Image © Ayodele Banjo
A roundtable titled “Indigenous Peoples: Development with Culture and Identity” is to take place 15 September at UNESCO Headquarters*. It is to lay the ground for reflection on this theme which will also be discussed at the 9th session of the U.N. Permanent Forum on Indigenous Issues (UNPFII) to be held in New York in 2010. Participants are to focus on the contribution of indigenous approaches to sustainable development in the age of globalization. They will also seek to reinforce cooperation among indigenous peoples, governments and the United Nations system as a whole.
The event will be opened by the UNESCO Director-General Koïchiro Matsuura.

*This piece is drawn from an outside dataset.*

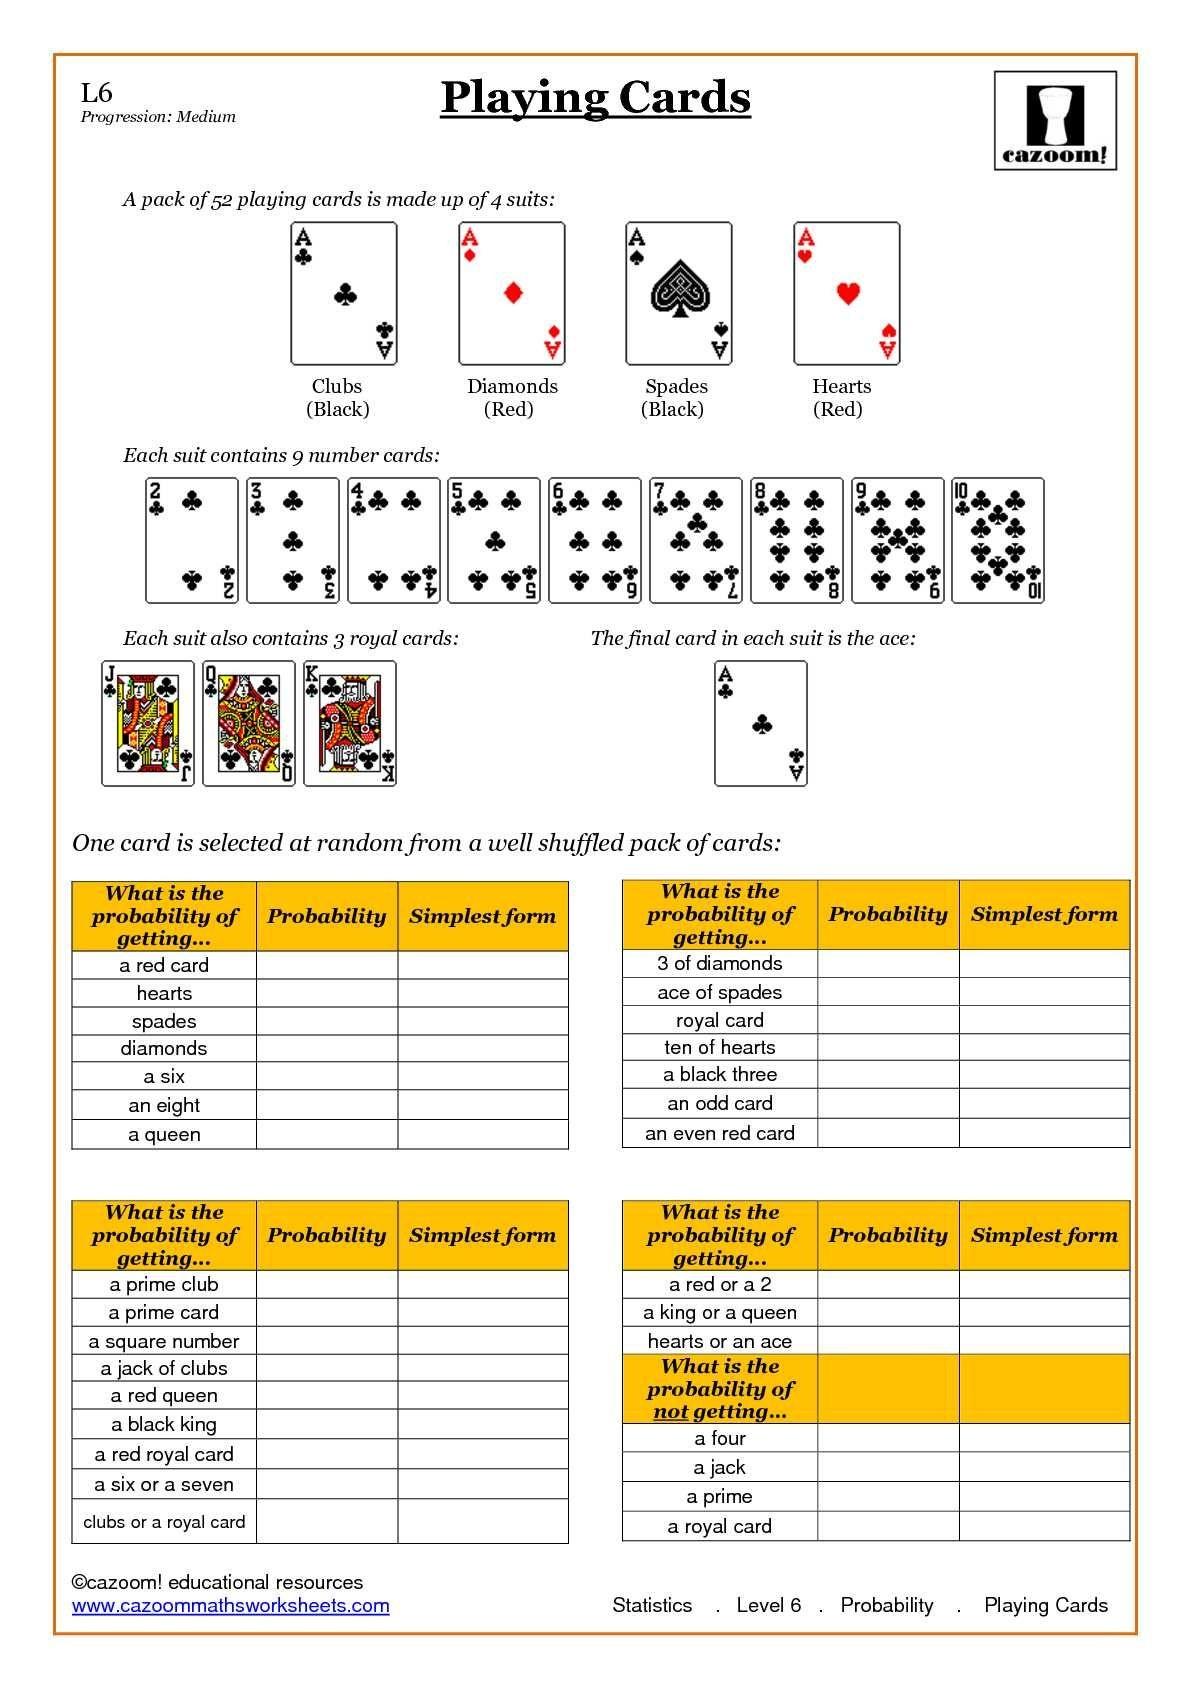 Statistic Maths Worksheets | Math | Probability Worksheets, Math - Free Printable Statistics Worksheets

Participants will include Victoria Tauli-Corpuz (Igorot, Philippines), Margaret Lokawua (Karamoja, Uganda) and Carlos Mamani Condorí (Aymará, Bolivia), respectively chair and members of the UNPFII. John Scott of the Secretariat for the Convention on Biological Diversity; Julian Burger, Coordinator, Indigenous Peoples and Minorities Unit, Office of the UN High Commissioner for Human Rights (OHCHR); Anaisabel Prera, Guatemala’s Ambassador to France and Permanent Delegate to UNESCO; and Darriann Riber of the Danish International Development Agency will also be participating.
An estimated 350 million indigenous peoples live in over 70 countries and speak more than 5,000 languages: such is the importance of indigenous people today. Their cultures express the powerful links between humanity and nature, between tradition and modernity, offering a holistic view of the world. They could become a source of renewal for the future. Despite their major contribution to cultural diversity and to sustainable development, many of them are marginalized and deprived of basic human rights.